Question

Let \(P=(x, y)\) be a point on the graph of \(y=\frac{1}{x}\) (a) Express the distance \(d\) from \(P\) to the origin as a function of \(x\). (b) Use a graphing utility to graph \(d=d(x)\). (c) For what values of \(x\) is \(d\) smallest? (d) What is the smallest distance?

Short answer

For \(x = 1\) and \(x = -1\), d is smallest at \(\sqrt{2}\).

Step-by-step solution

- Express distance as a function of x

The distance formula from a point (\(x_1, y_1\)) to the origin (\(0,0\)) is: \[d = \sqrt{x_1^2 + y_1^2}\]. Here, \(P = (x, y)\) and since \(y = \frac{1}{x}\), we replace \(y\) in the distance formula: \[d = \sqrt{x^2 + \left(\frac{1}{x}\right)^2}\].

- Simplify the function

Simplify the expression for \(d\): \[d = \sqrt{x^2 + \frac{1}{x^2}} = \sqrt{\frac{x^4 + 1}{x^2}} = \frac{\sqrt{x^4 + 1}}{x}\].

- Using a graphing utility

Graph the function \(d(x) = \frac{\sqrt{x^4 + 1}}{x}\) using any graphing utility. Observe the graph to determine the behavior of \(d(x)\).

- Determine the minimum distance

From the graph, observe where the function reaches its minimum. Alternatively, find the derivative \(d'(x)\) and solve for \(d'(x) = 0\) to find critical points. Let’s find \(d'(x)\) using the quotient rule: \[d'(x) = \frac{x^2(4x^3) - (x^4 + 1)(1)}{x^2\sqrt{x^4+1}}\]. Simplifying it and solving for 0 will give \[x^3 - x^{-3} = 0 \Rightarrow x^6 = 1 \Rightarrow x =1\] or \(x = -1\).
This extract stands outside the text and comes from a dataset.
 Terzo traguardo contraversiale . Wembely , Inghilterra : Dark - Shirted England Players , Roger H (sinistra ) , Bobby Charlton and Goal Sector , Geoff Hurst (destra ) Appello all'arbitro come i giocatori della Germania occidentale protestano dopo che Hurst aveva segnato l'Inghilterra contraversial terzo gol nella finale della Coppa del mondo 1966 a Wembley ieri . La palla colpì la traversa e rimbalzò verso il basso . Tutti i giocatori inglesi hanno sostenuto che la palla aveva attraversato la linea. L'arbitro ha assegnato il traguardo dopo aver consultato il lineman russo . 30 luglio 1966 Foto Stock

- What is the smallest distance?

Substitute \(x = 1\) into \(d(x)\) : \[d(1) = \frac{\sqrt{1^4 + 1}}{1} = \sqrt{2}\].

Key concepts

Distance Formula

The distance formula is used to determine the distance between two points in a coordinate plane. It is derived from the Pythagorean theorem and is expressed as: \ \ \ \( d = \sqrt{(x_2 - x_1)^2 + (y_2 - y_1)^2} \) \ \ \ In our problem, we aim to find the distance from point \( P = (x, \frac{1}{x}) \) to the origin \((0, 0)\). Using the distance formula: \ \ \ \( d = \sqrt{x^2 + \left(\frac{1}{x}\right)^2} \) \ \ \ This equation gives us the distance in terms of \( x \), thereby expressing the distance as a function of \( x \).

Functions

In mathematics, a function is a relation between a set of inputs and a set of permissible outputs. In this case, the function is the distance from the point \( P \) to the origin in terms of the variable \( x \). The function we have is: \ \ \ \( d(x) = \sqrt{x^2 + \left(\frac{1}{x}\right)^2} \) \ \ \ Simplifying this, we get: \ \ \ \( d(x) = \sqrt{x^2 + \frac{1}{x^2}} \) \ \ \ \( d(x) = \frac{\sqrt{x^4 + 1}}{x} \) \ \ \ This represents a function where each \( x \) value will provide a corresponding distance \( d \)from the origin.

Derivatives

Derivatives in calculus are measures of how a function changes as its input changes — they give us the rate of change. To find when the distance function is at its minimum, we need to find its derivative and set it to zero to identify critical points. The derivative of \( d(x) = \frac{\sqrt{x^4 + 1}}{x} \) can be found using the quotient rule: \ \ \ The quotient rule is: \ \ \ \( \left(\frac{u}{v}\right)' = \frac{vu' - uv'}{v^2} \) \ \ \ Applying this, let \( u = \sqrt{x^4 + 1} \) and \( v = x \), we get: \ \ \ \( d'(x) = \frac{x \cdot 4x^3(\sqrt{x^4 + 1}) - (x^4 + 1)(1)}{x^2 (\sqrt{x^4 + 1})} \) \ \ \ Simplifying and setting it to zero we solve and find that \( x = 1 \) or \( x = -1 \) are potential critical points.

Minimum Distance

The minimum distance occurs at the critical points from our derivative calculations. Substituting \( x = 1 \) into our distance function: \ \ \ \( d(1) = \frac{\sqrt{1^4 + 1}}{1} = \sqrt{2} \) \ \ \ Thus, we find the minimum distance from the point \( P \) to the origin is \( \sqrt{2} \) at \( x = 1 \). Using a graphing utility to graph \( d(x) \) helps visualize this minimum point. The graph should show that the minimum value of the function is indeed \( \sqrt{2} \).